> **Information shown**:
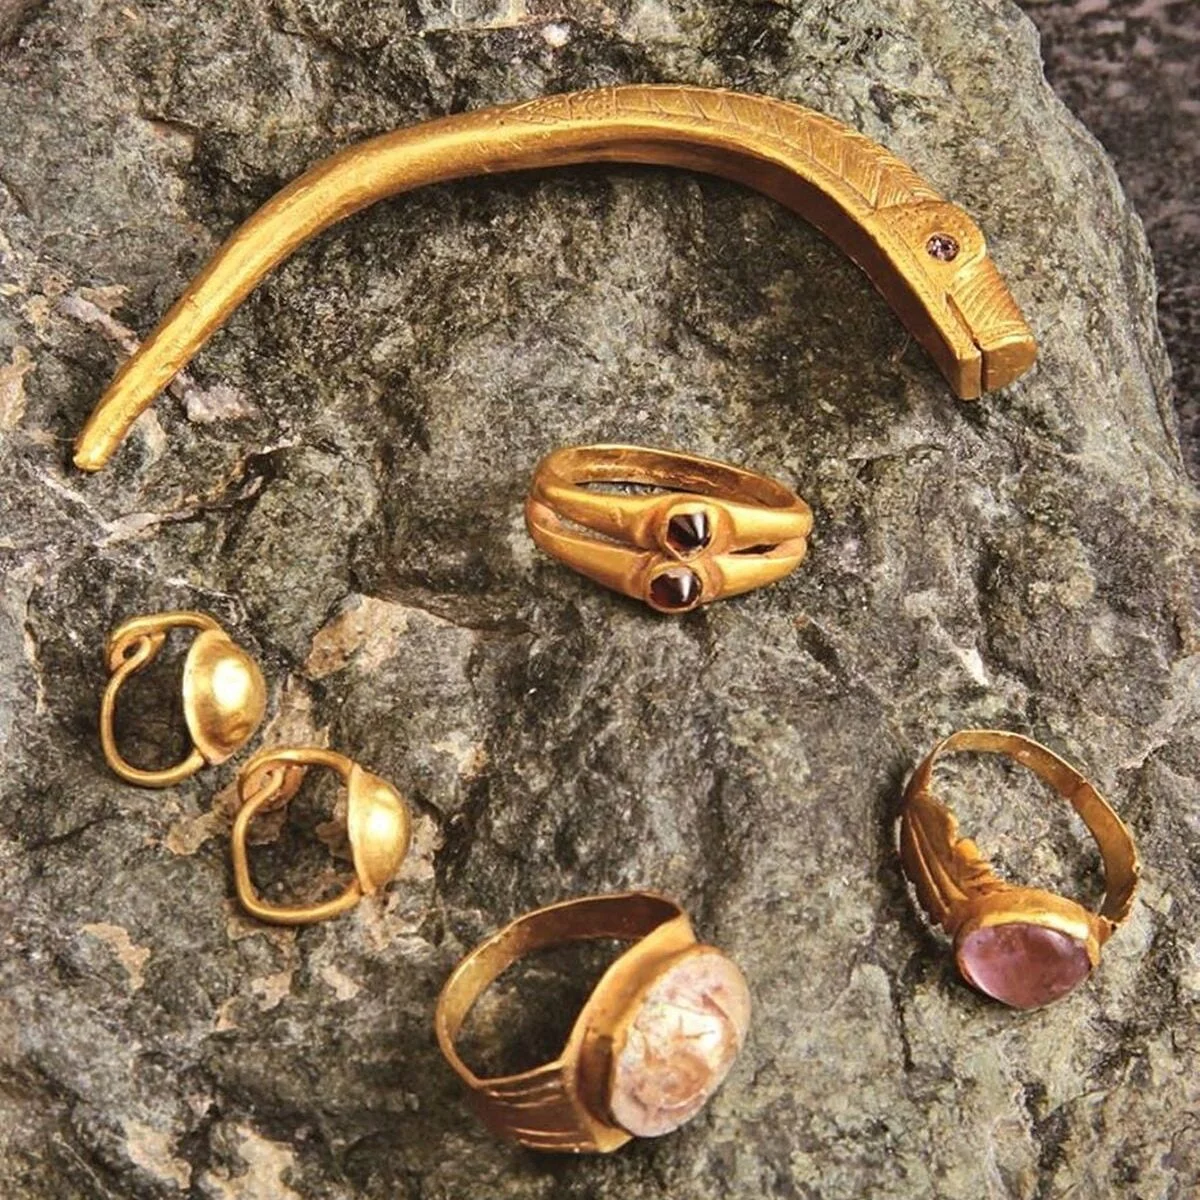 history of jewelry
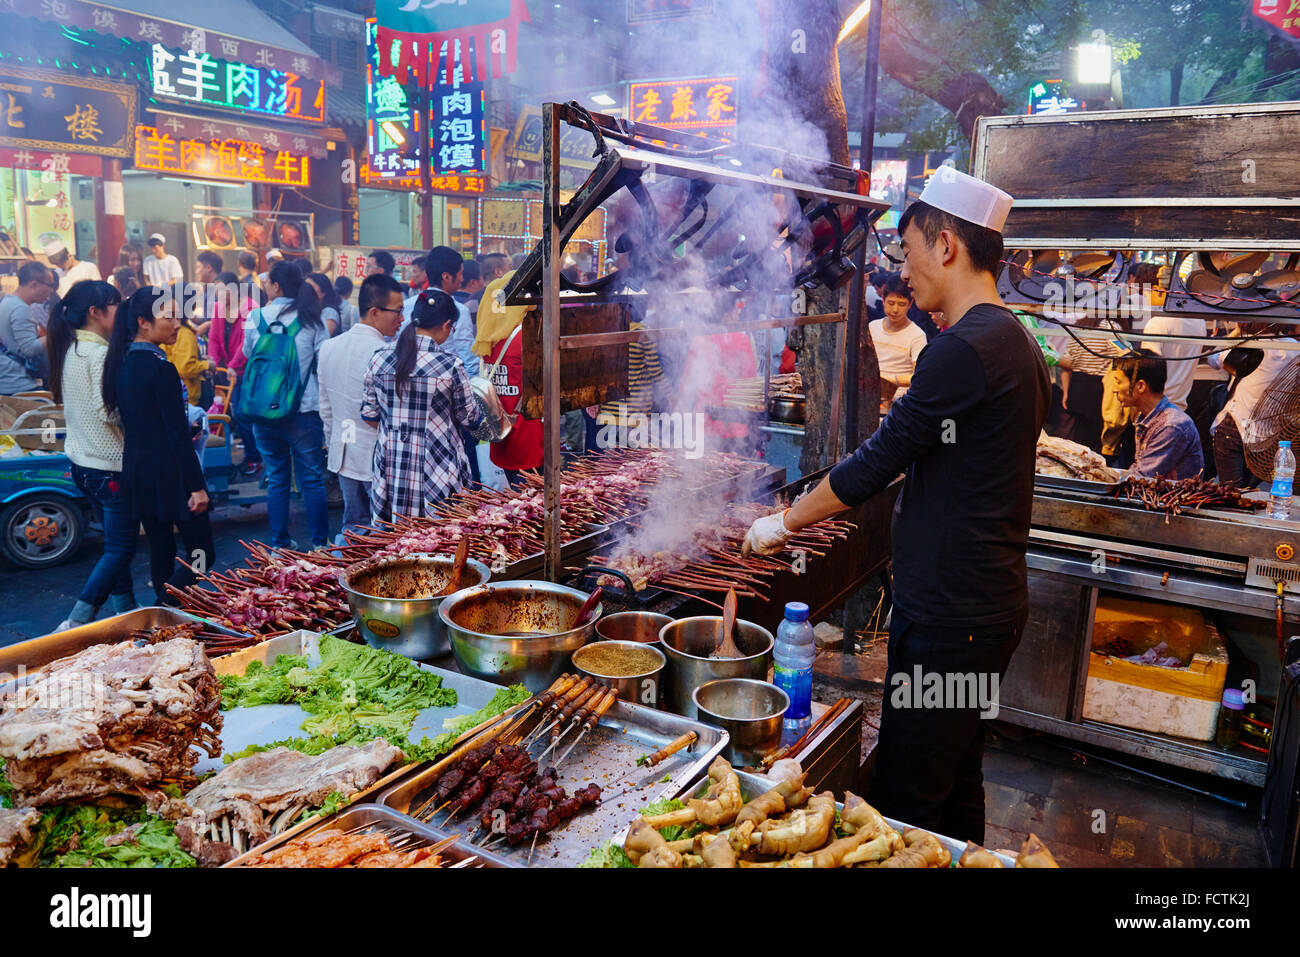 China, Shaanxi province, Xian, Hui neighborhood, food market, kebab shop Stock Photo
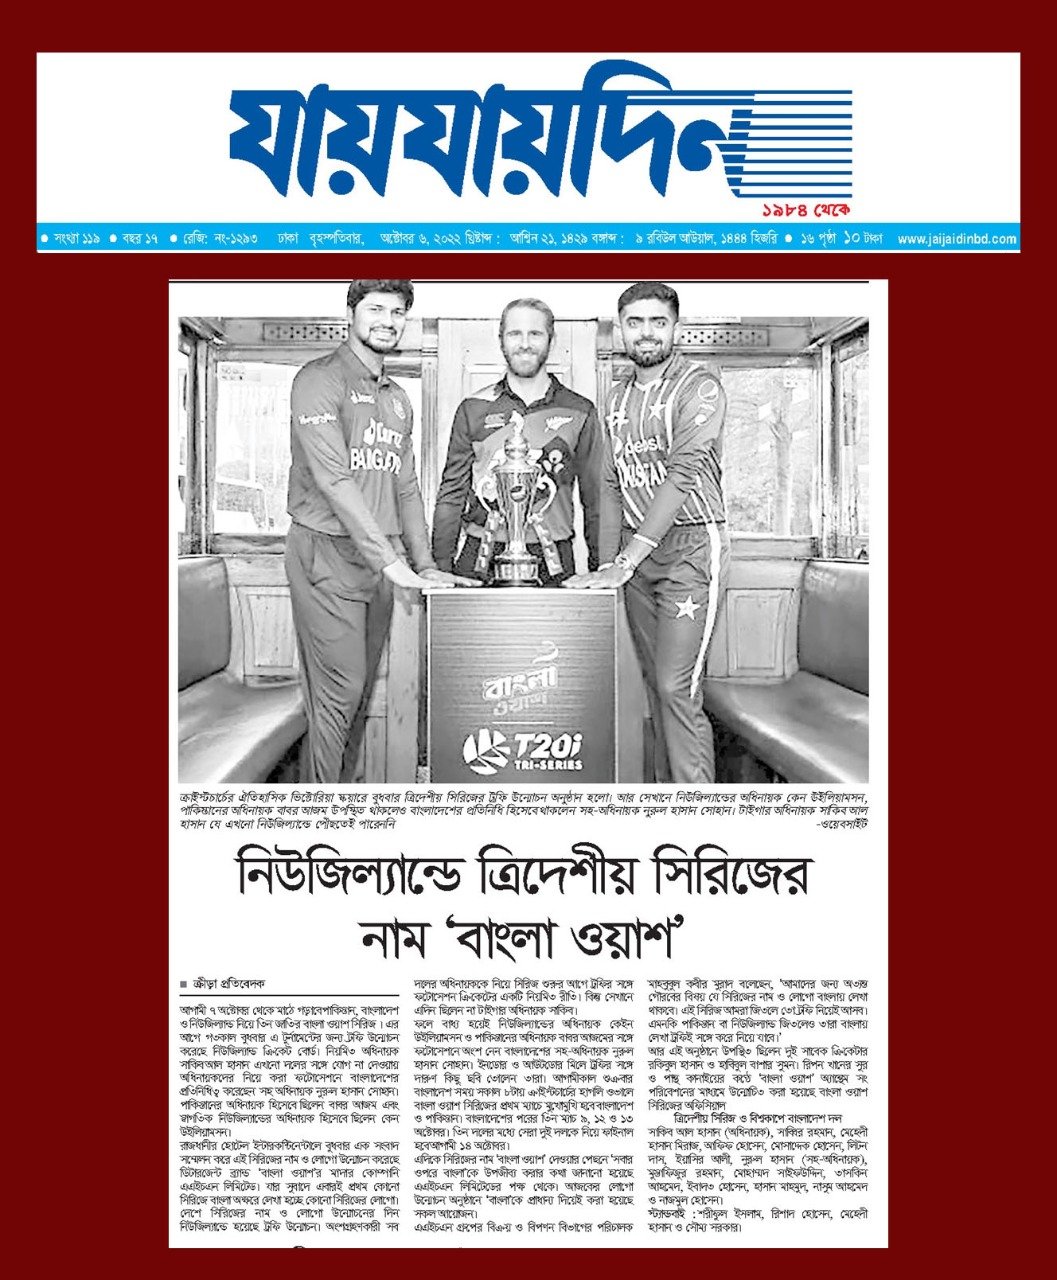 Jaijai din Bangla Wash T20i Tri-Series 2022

> **Problem to solve**: Could you copy exactly, and with no pictures, the lines above from the one containing "China, Shaanxi province, Xian, Hui" through the last line, both included?

> **Written response**:
 China, Shaanxi province, Xian, Hui neighborhood, food market, kebab shop Stock Photo
 Jaijai din Bangla Wash T20i Tri-Series 2022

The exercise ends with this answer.